I am just a beginner of the ML. I have gone through several websites for the basics and there are lots of unclear stuffs obviously to me and among below is the one.
In CNN(Convolutional Neural Network), is it required to indicate to the system prior that how many number of classes available as a result?
I was going through below URL, and get this question.
https://www.youtube.com/watch?v=2-Ol7ZB0MmU
Yes. The final layer of the CNN depends on the quantity of output classes you have: one element for each class. A CNN is built to handle a particular problem; this includes knowing the full shapes of the input and output.
For instance, the ILSVRC image data set comes with classified images, 1000 classes in all. The topologies that learn on this data set have 1000 elements in the final layer.
Does that solve the problem?
I want to classify the input as one of 3 possibilities. Is it better to use 3 networks with one output each or 1 network with 3 outputs?
(i.e. 3 networks that output 0 or 1 or 1 network that outputs a one hot vector of length 3 [1,0,0]
Does the answer change depending on how complex the incoming data is to classify?
At what amount of outputs does it make sense to partition the networks (if ever)? For example, if I want to classify into 20 groups, does it make a difference?
I would say it would make more sense to use a single network with multiple outputs.
The main reason is that hidden layers (I'm assuming you'll have at least one hidden layer) can be interpreted as transforming the data from the original space (feature space) into a different space that is more suitable for the task (classification in your case). For example, when training a network to recognize faces from raw pixels, it might use a hidden layer to first detect simple shapes such as small lines based on pixels, then use another hidden layer to detect simple shapes such as eyes/noses based on the lines from the first layer, etc. (it may not be entirely as ''clean'' as this, but this is an easy-to-understand example).
Such a transformation that a network can learn is typically useful for the classification task, regardless of what class the specific example has. For example, it is useful to be able to detect eyes in images regardless of whether or not the actual image contains a face; if you do indeed detect two eyes, you can classify it as a face, and otherwise you classify it as not being a face. In both cases, you were looking for eyes.
So, by splitting up into multiple networks, you may end up learning quite similar patterns in all networks anyway. Then you might as well have saved yourself the computational effort and just learned it once.
Another disadvantage of splitting up into multiple networks would be that you would probably cause your dataset to become imbalanced (or more imbalanced if it already is imbalanced). Suppose you have three classes, with exactly 1/3 of the dataset belonging to each class. If you use three networks for three binary classification tasks, you suddenly always have 1/3 ''1'' classes and 2/3 ''0'' classes. A network may then become biased towards predicting 0s everywhere, since those are the majority classes in each of the three separate problems.
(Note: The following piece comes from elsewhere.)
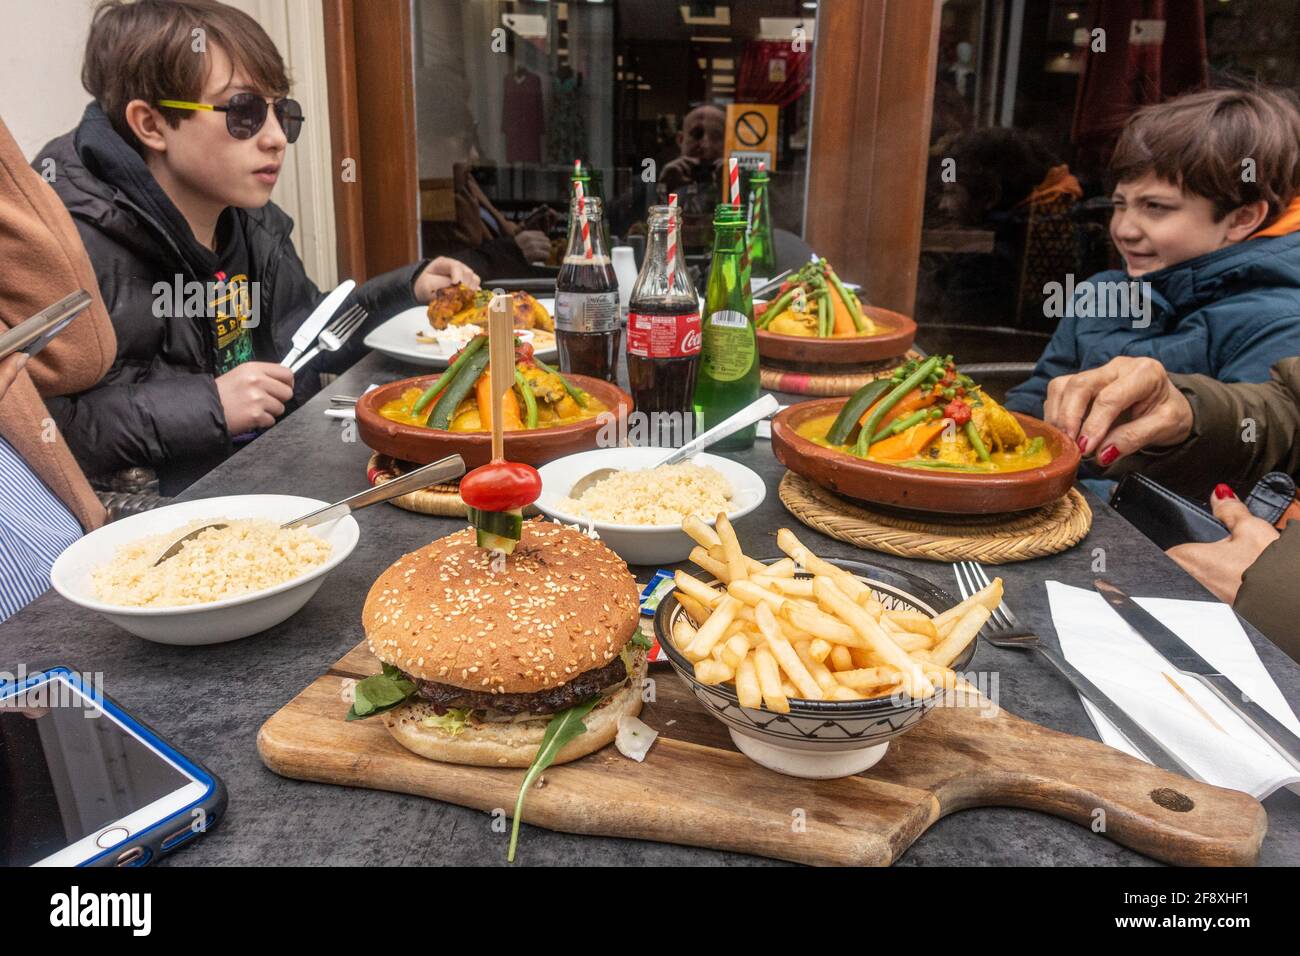 A family enjoy a mean at a restaurant for the first time since the lockdown bought about because of coronavirus. Eating outside as per current rules. Stock Photo
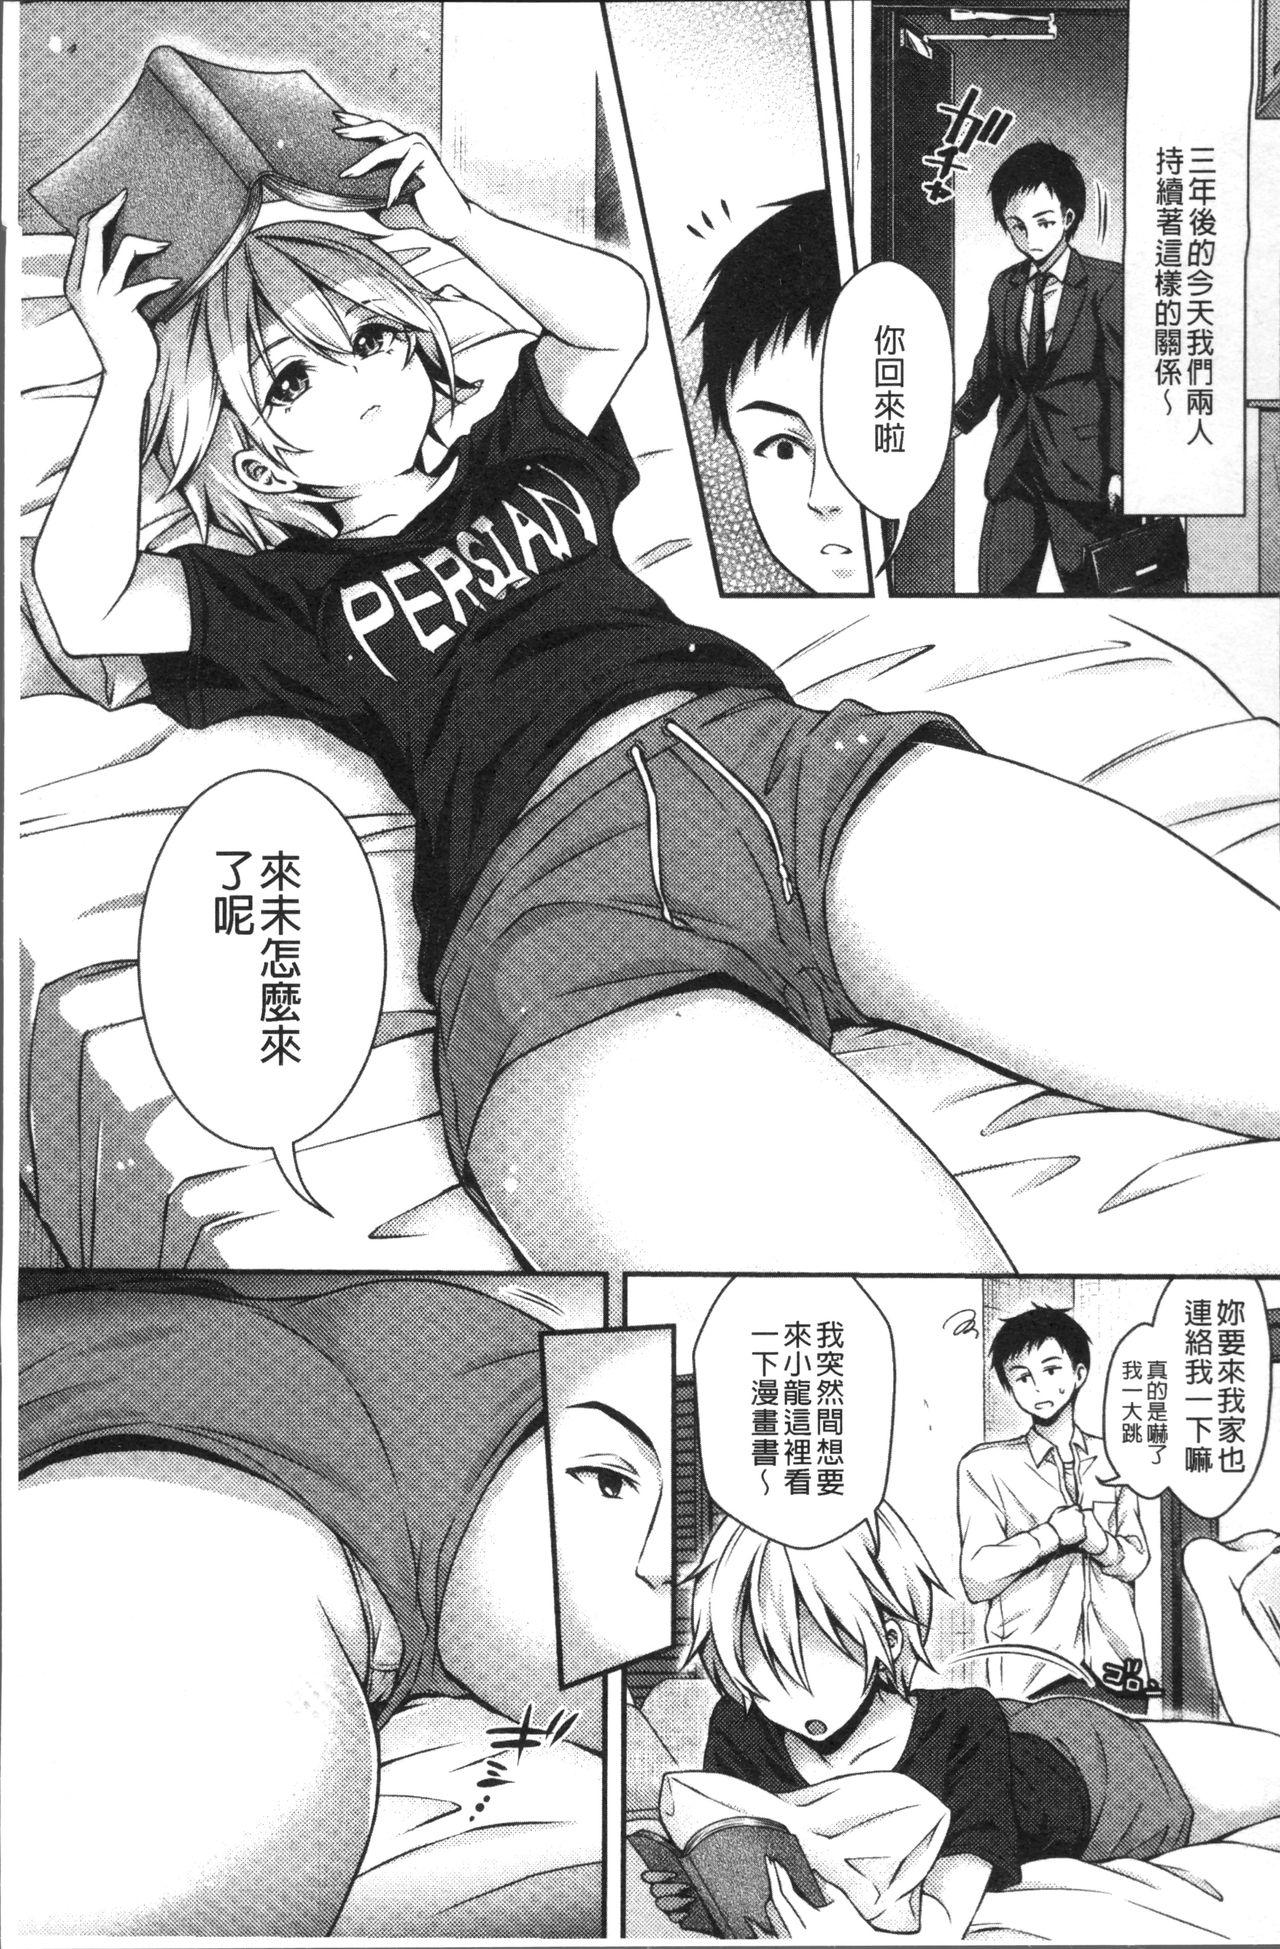 Pounded HoneMemo - Honey Memorial | 香甜記憶 Cei - Page 10

Note that this is all based on my intuition; the best solution if you have time would be to simply try both approaches and test! I don't think I have ever seen someone using multiple networks for a single classification task in practice though, so if you only have time for one approach I'd recommend going for a single network.
I think the only case where it would really make sense to use multiple networks would be if you actually want to predict multiple unrelated values (or at least values that are not strongly related). For example, if, given images, you want to 1) predict whether or not there is a dog on the image, and 2) whether it is a photograph or a painting. Then it may be better to use two networks with two outputs each, instead of a single network with four outputs.